Neo4j图形数据库中对复杂匹配进行评分时的性能？

Posted 2023-03-29

技术标签:

【中文标题】Neo4j图形数据库中对复杂匹配进行评分时的性能？【英文标题】：Performance during scoring complex match in Neo4j graph database? 【发布时间】：2018-04-24 09:14:52 【问题描述】：

我有 Neo4j 3.3.5 图形数据库：27GB，50kk 节点，500kk 关系。上的索引。 Schema。 PC：16GB 内存，4 核。

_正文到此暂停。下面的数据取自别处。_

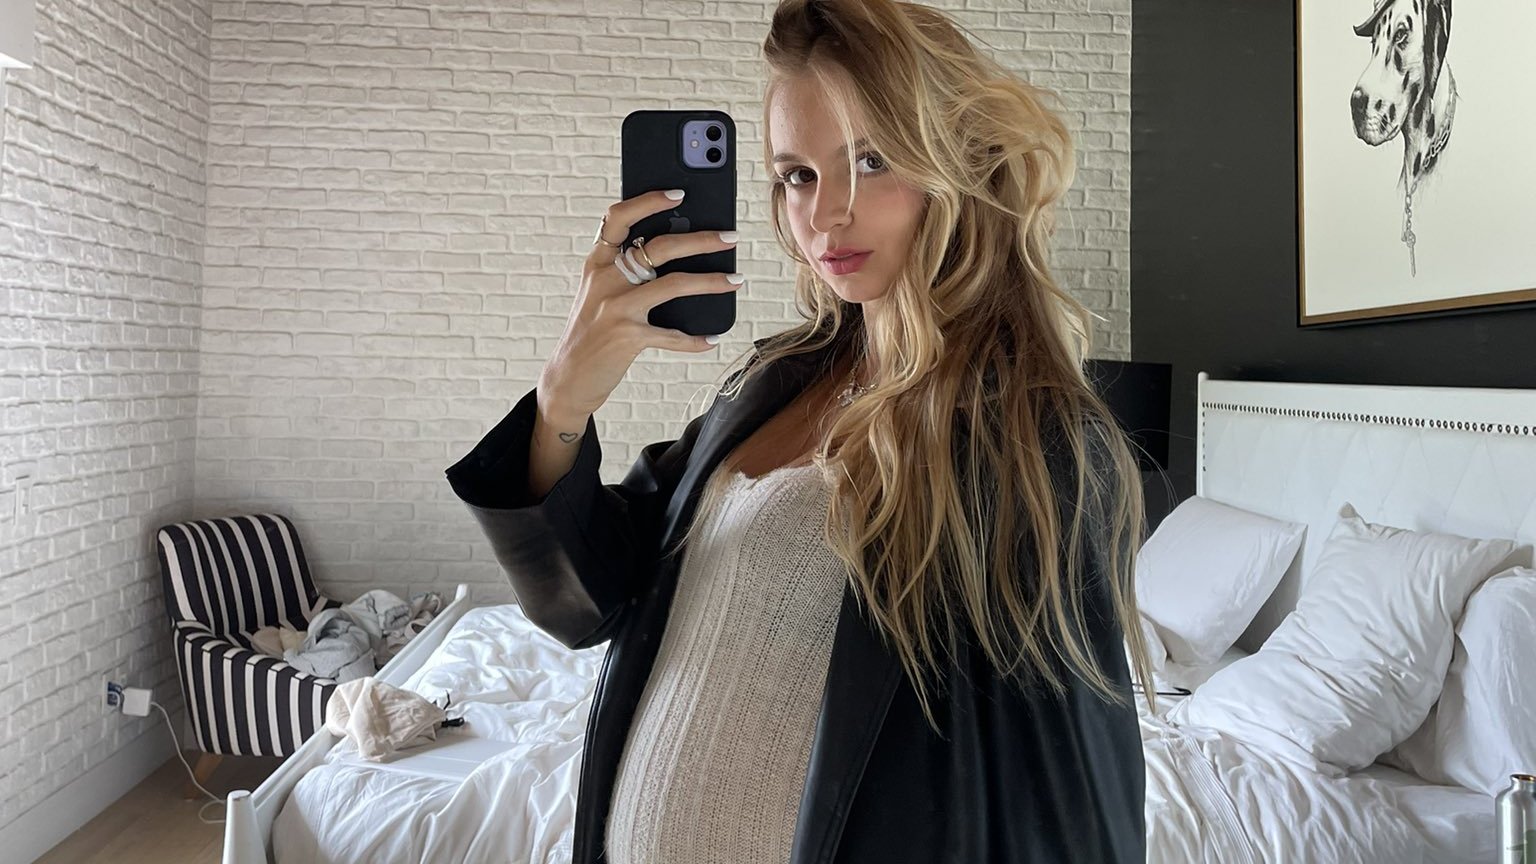 Isabella Scherer desabafa e revela comentários que recebeu sobre a maternidade: “Horrível”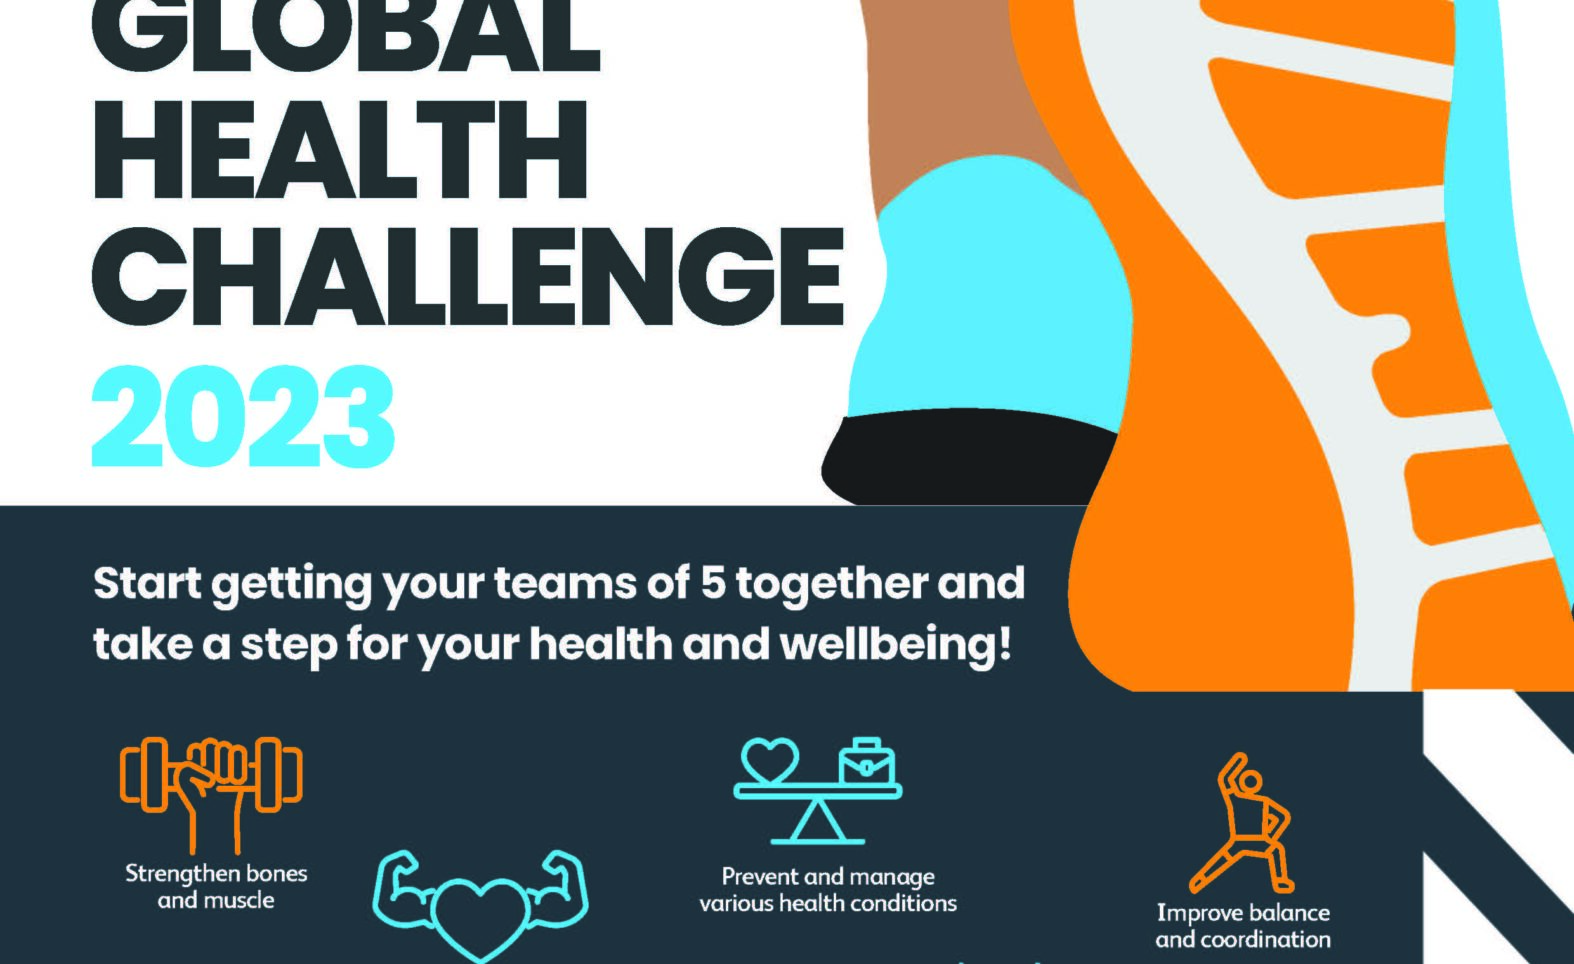 Meet the Health Challenge Winners!

任务是为给定的查询数据找到最匹配的公司。节点：我需要获取的公司与节点有多种关系：分支机构，：国家等。查询数据有BranchIds、CountryIds等

目前我正在使用这样的密码从一个关系中获取分数（结果为 500k 行）：

MATCH (c:Company)-[r:HAS_BRANCH]->(b:Branch)
WHERE b.branchId in [27444, 1692, 23409, ...] //around 10 ids per query
RETURN 
c.companyId as Id, 
case r.branchType 
 when 0 then 25
 ... // //around 7 conditions per query 
 when 10 then 20 
end as Score

我必须为以下所有关系类型评分：Company，按 Id 分组，sum Score，订购并获得前 100 个结果。

由于缺乏联合后处理，我使用collect + unwind 来合并所有关系的分数。

不幸的是，性能很低。我在 5-10 秒内得到一个关系查询的响应（如上）。当我尝试将结果与collect + unwind 结合时，查询“永不”结束。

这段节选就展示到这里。